Georgia officials are proposing changes to water safety regulations that could lead to more pollution in the state’s waterways, environmentalists say.
But state Environmental Protection Division officials say the tweaks are meant to clarify rules that regulate how much waste can be dumped into Georgia waters.
Jac Capp, the chief of the EPD’s Watershed Protection Branch, said the Department of Natural Resources’ proposals were brought on by a court case over pollution by a pulp mill in southeast Georgia.
“That current language could be interpreted to prohibit interference with any water use at any time,” Capp said. “We disagree with that interpretation.”
According to state regulations, “All waters shall be free from material related to municipal, industrial or other discharges which produce turbidity, color, odor or other objectionable conditions which interfere with legitimate water uses.”
The division wants to alter the language to address conditions that “unreasonably interfere with designated uses.” If the change is approved, a person would have to prove he or she is seriously affected by polluted water.
Environmentalists call the move a way to skirt what they believe will be a judge’s ruling in their favor over what they say are high levels of pollution being dumped into the Altamaha River by Rayonier Advanced Materials.

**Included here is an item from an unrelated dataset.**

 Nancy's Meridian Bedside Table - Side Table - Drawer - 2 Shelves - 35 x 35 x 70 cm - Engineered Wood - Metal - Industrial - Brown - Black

Conservation groups, as well as people who fish, swim and kayak in the river, have long complained that the dun-colored discharge — visible for miles downstream and linked to a nasty odor — ruins fishing and recreational activities. The Altamaha is a mostly wild, blackwater river that flows from Middle Georgia to Darien on the Atlantic coast.

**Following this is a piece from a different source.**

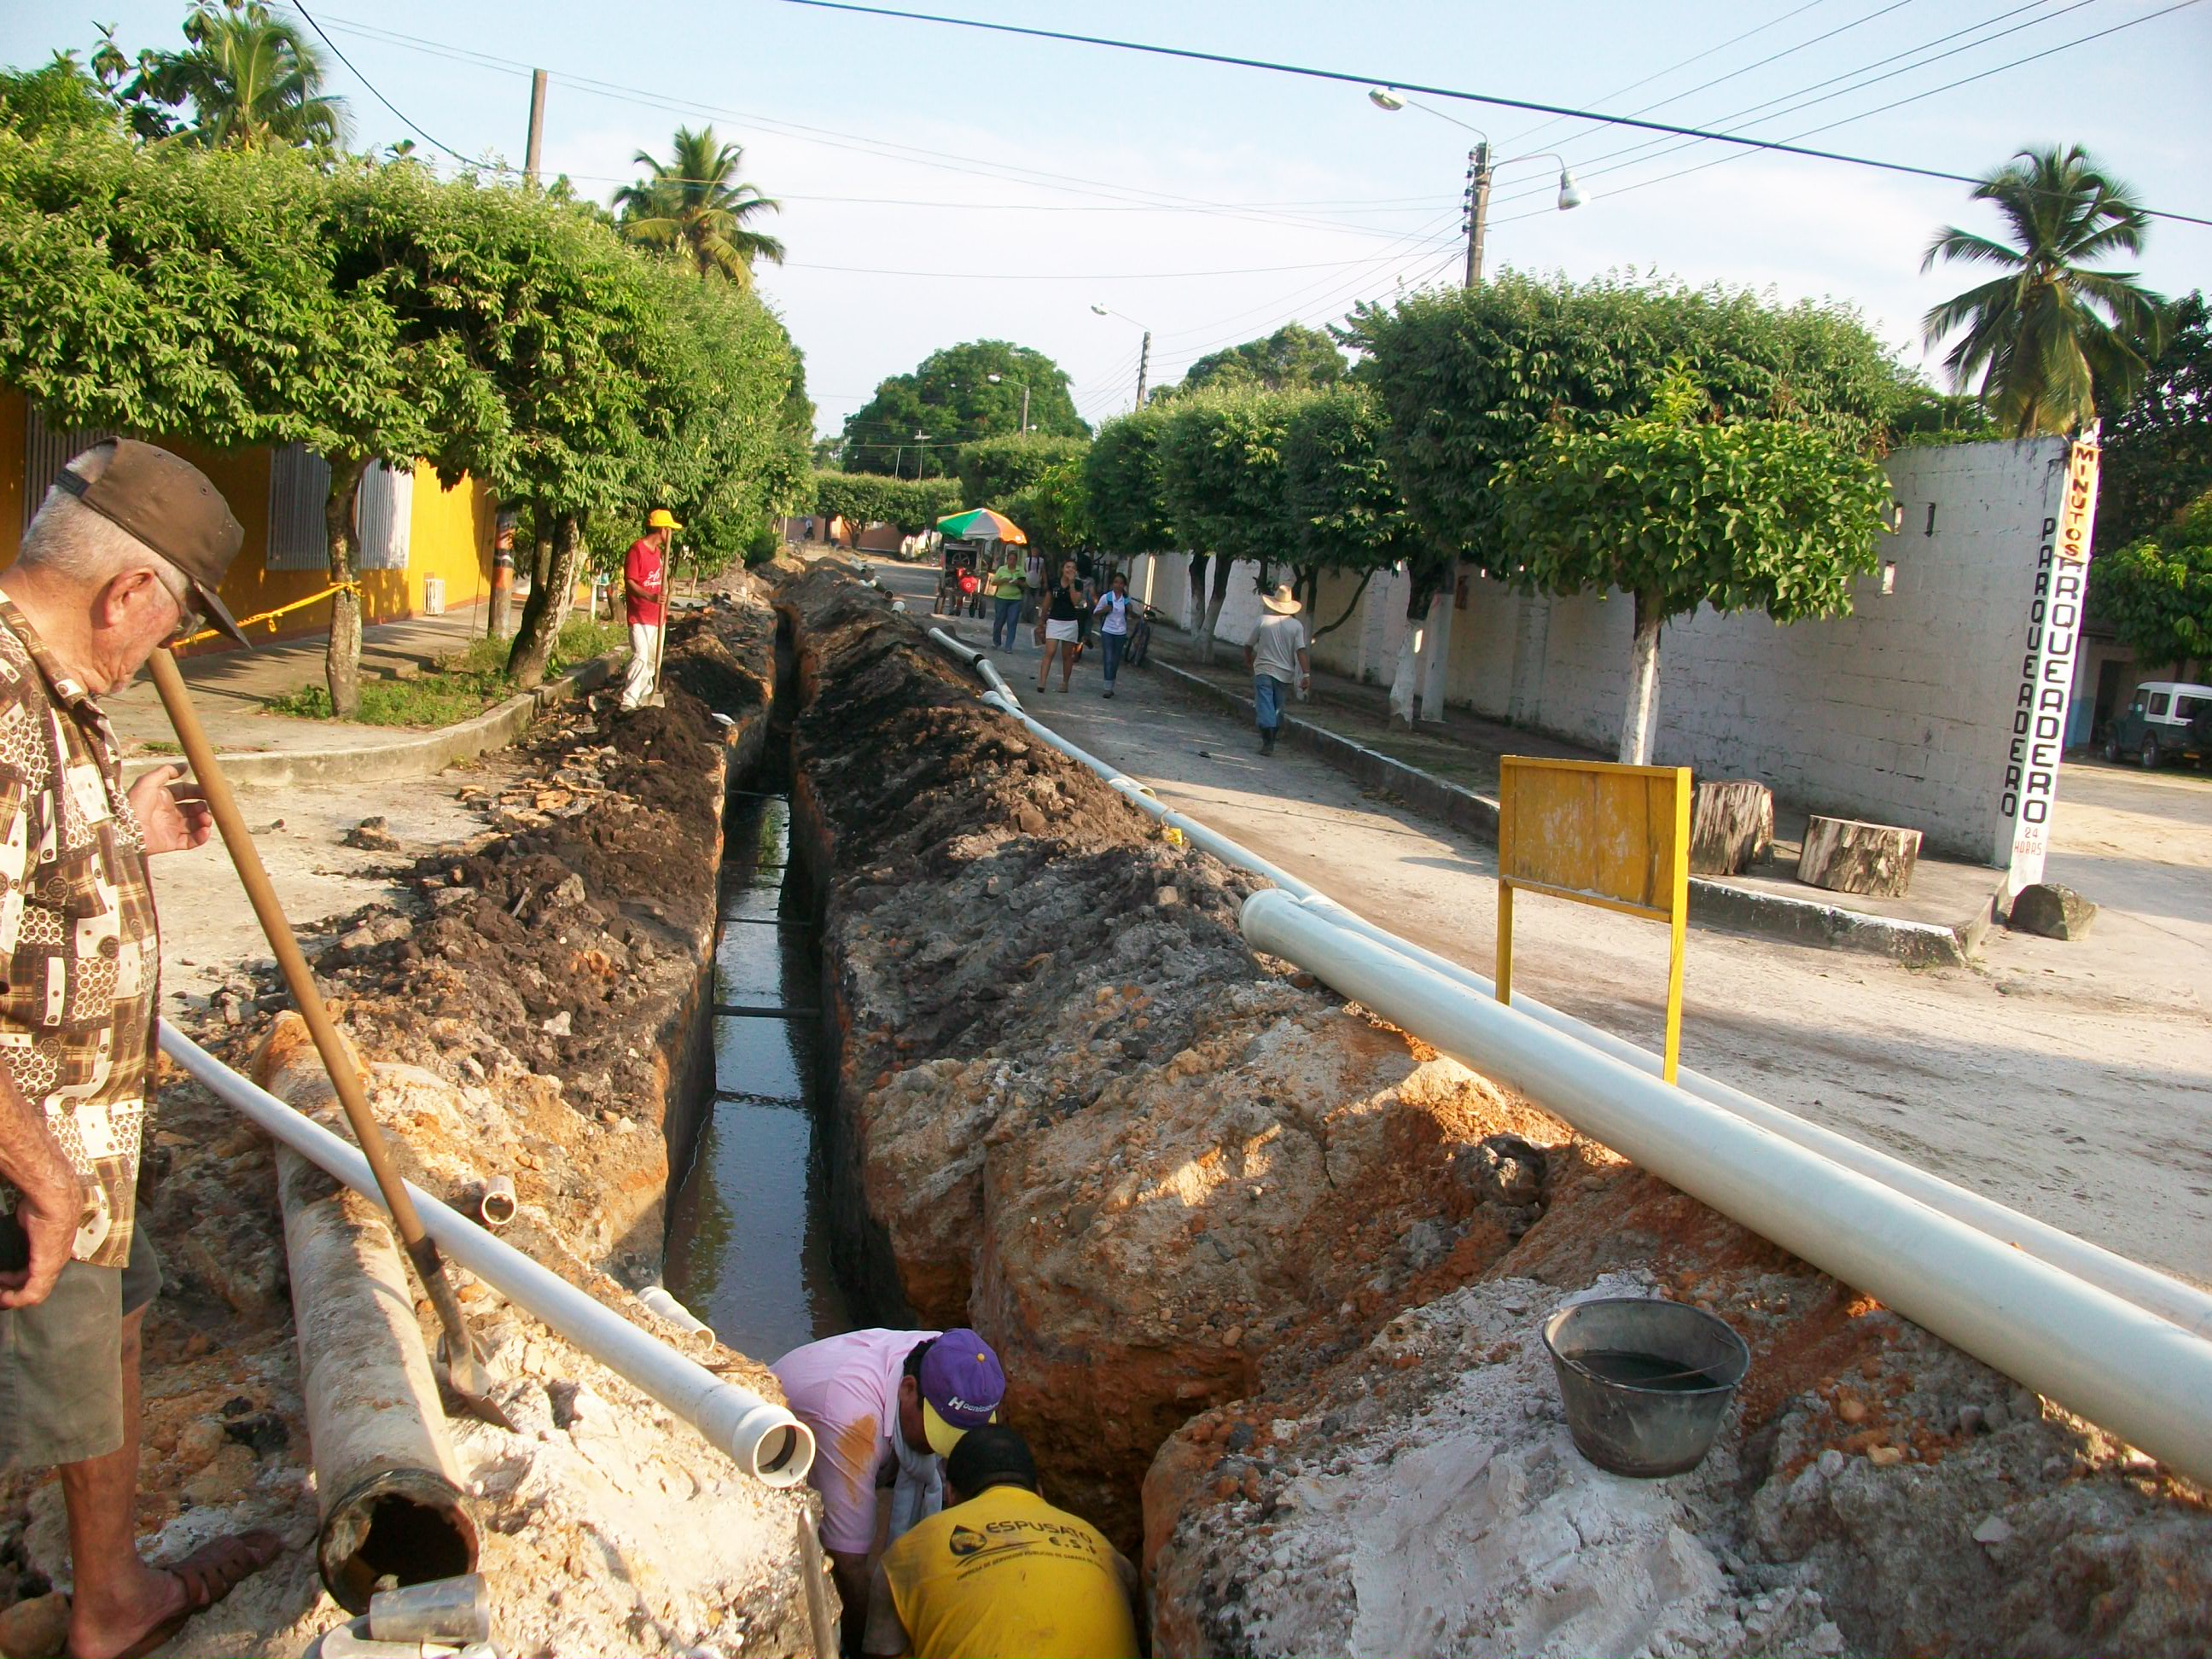  Recorte federal para SLP alcanza los 180 mdp; afectará obras de carreteras, drenaje y agua potable

The state designates the Altamaha near Rayonier for fishing use. If the new rules are approved and applied to Rayonier in Jesup, the company would not be held to as stringent a standard as it would if the primary use were swimming or recreation.

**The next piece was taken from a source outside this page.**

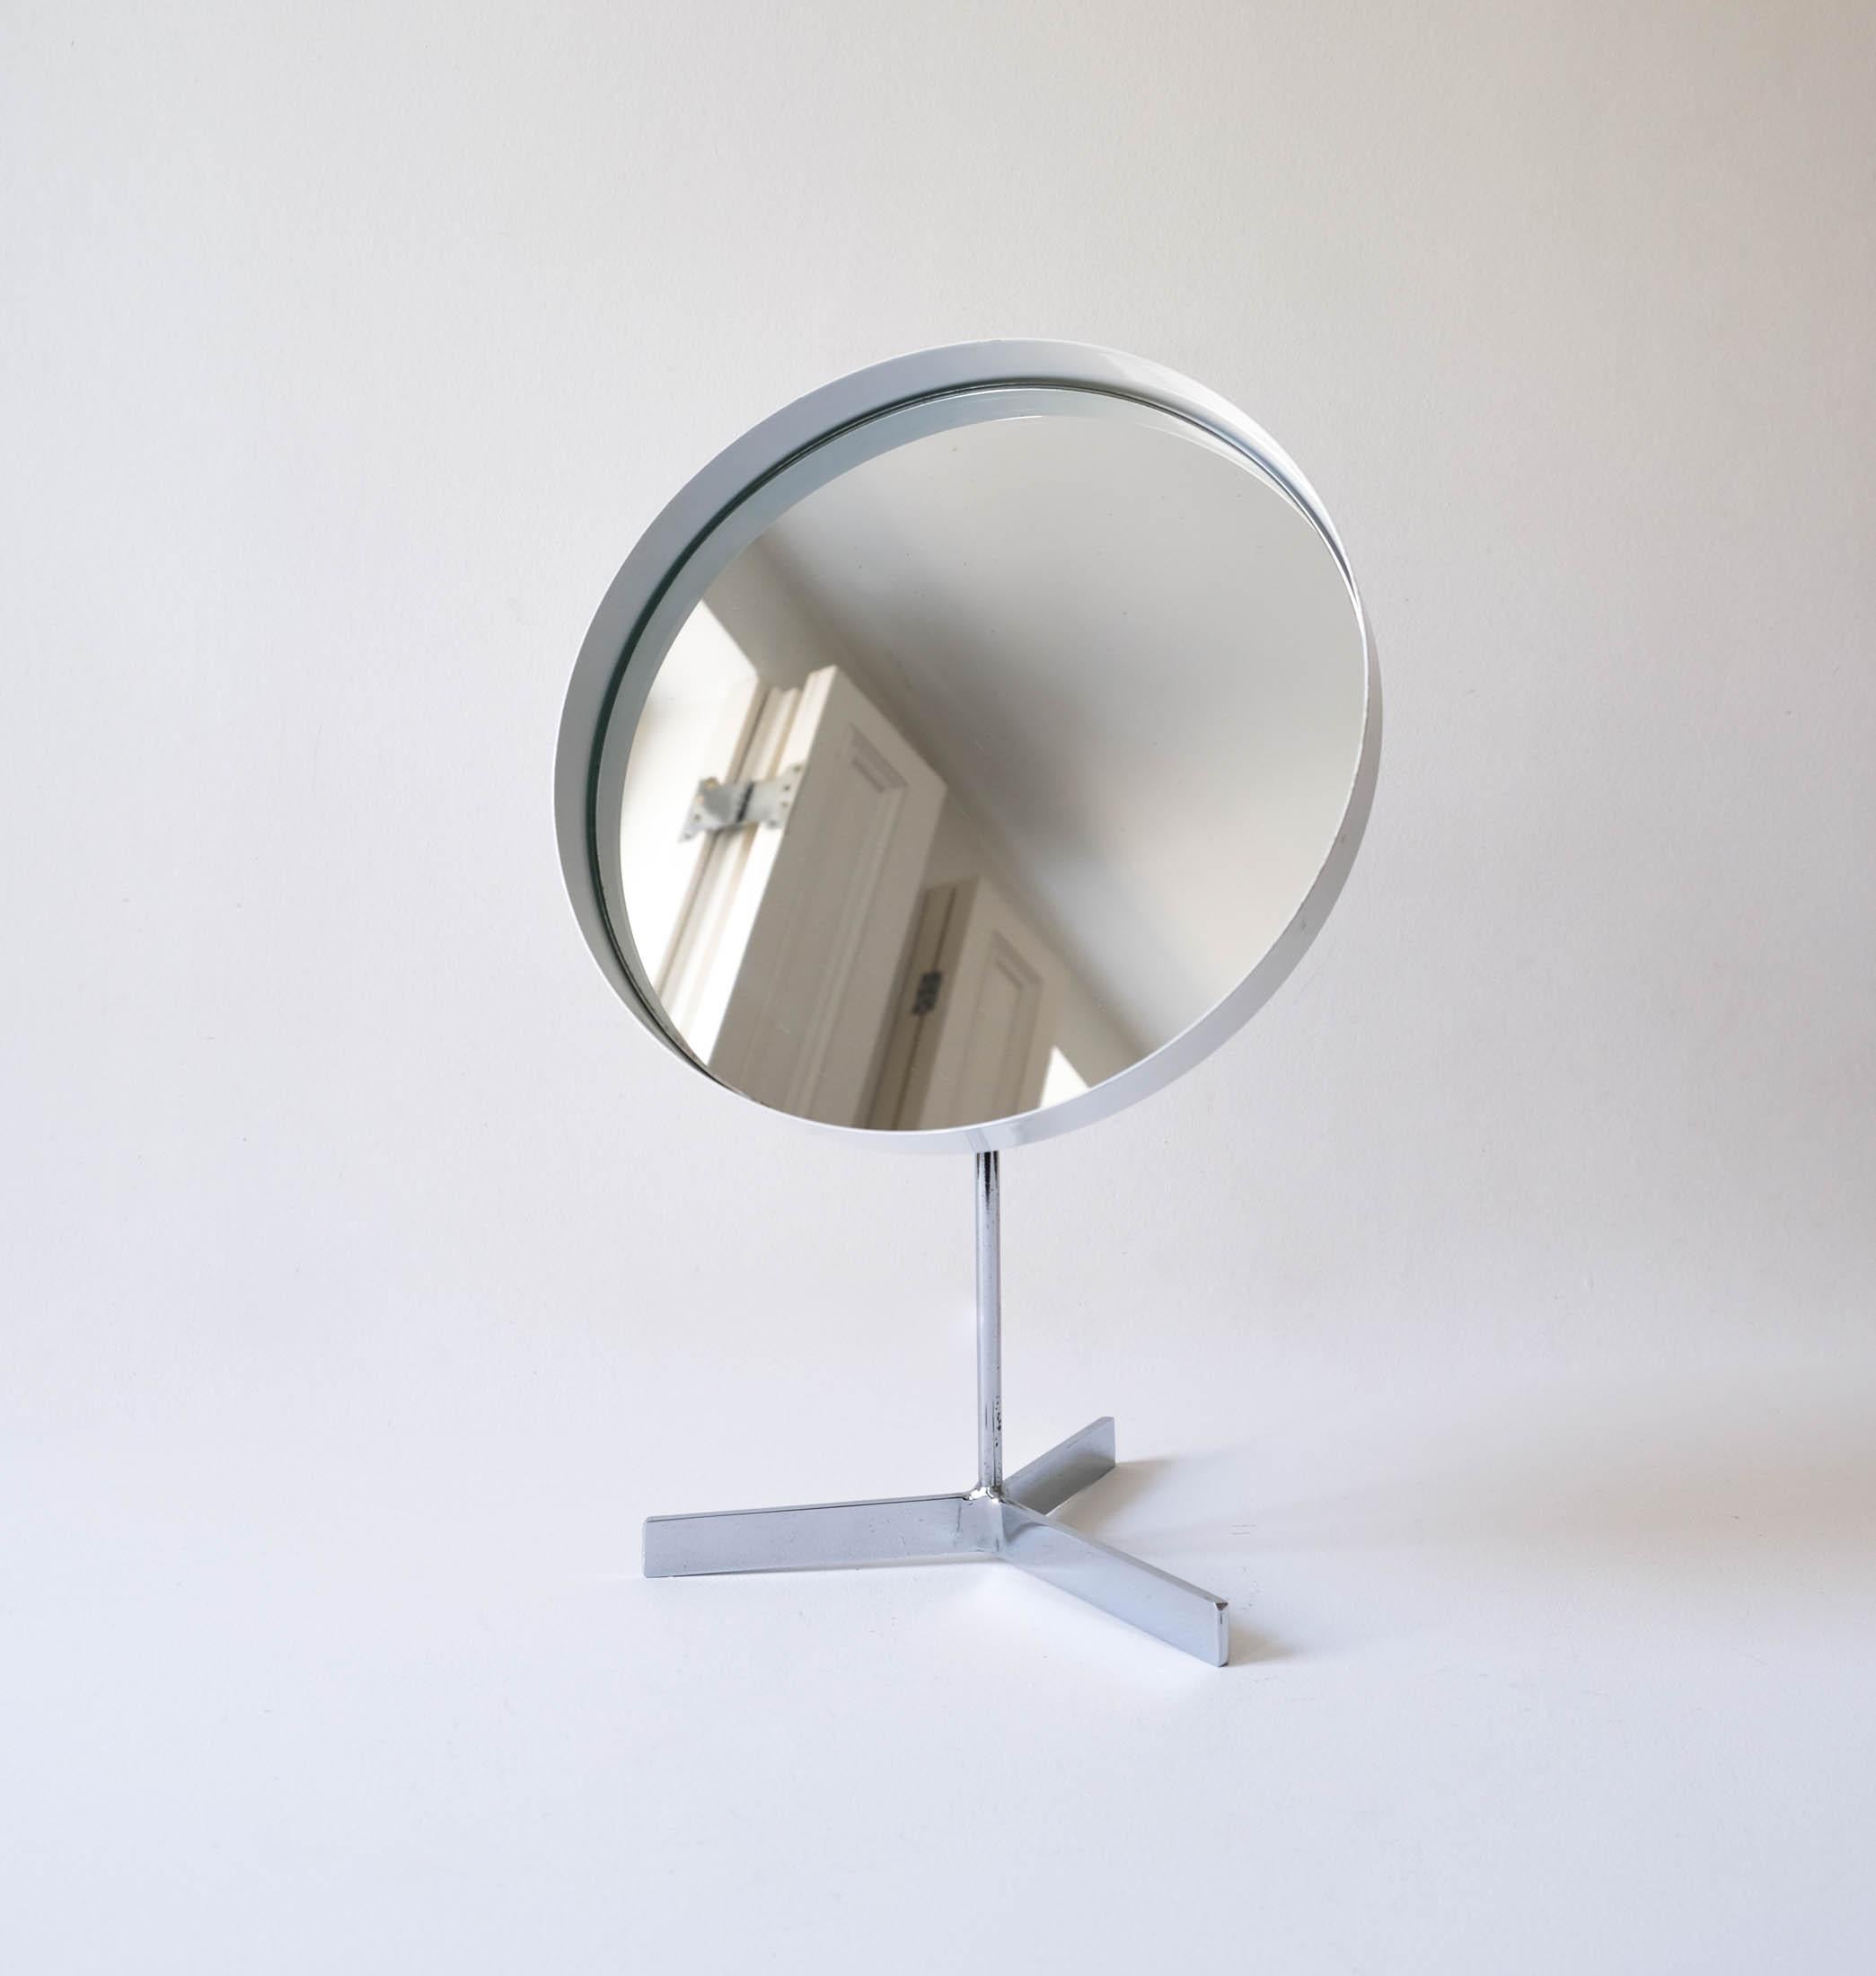 British Mid-Century White Vanity Table Mirror by Durlston Designs, c.1960s

Officials with the conservation group Southern Environmental Law Center said changing the regulations will roll back state water quality standards.
“It is incredibly disappointing that the Environmental Protection Division is moving ahead with changes that may seem minor but that actually roll back essential safeguards intended to protect Georgia’s waters across the entire state,” said Hutton Brown, senior attorney for the Southern Environmental Law Center.
The EPD began accepting comments on the proposed changes Tuesday and will hold a public hearing 10 a.m. Jan. 25 at the division training center in Atlanta. Comments will be accepted through Jan. 31.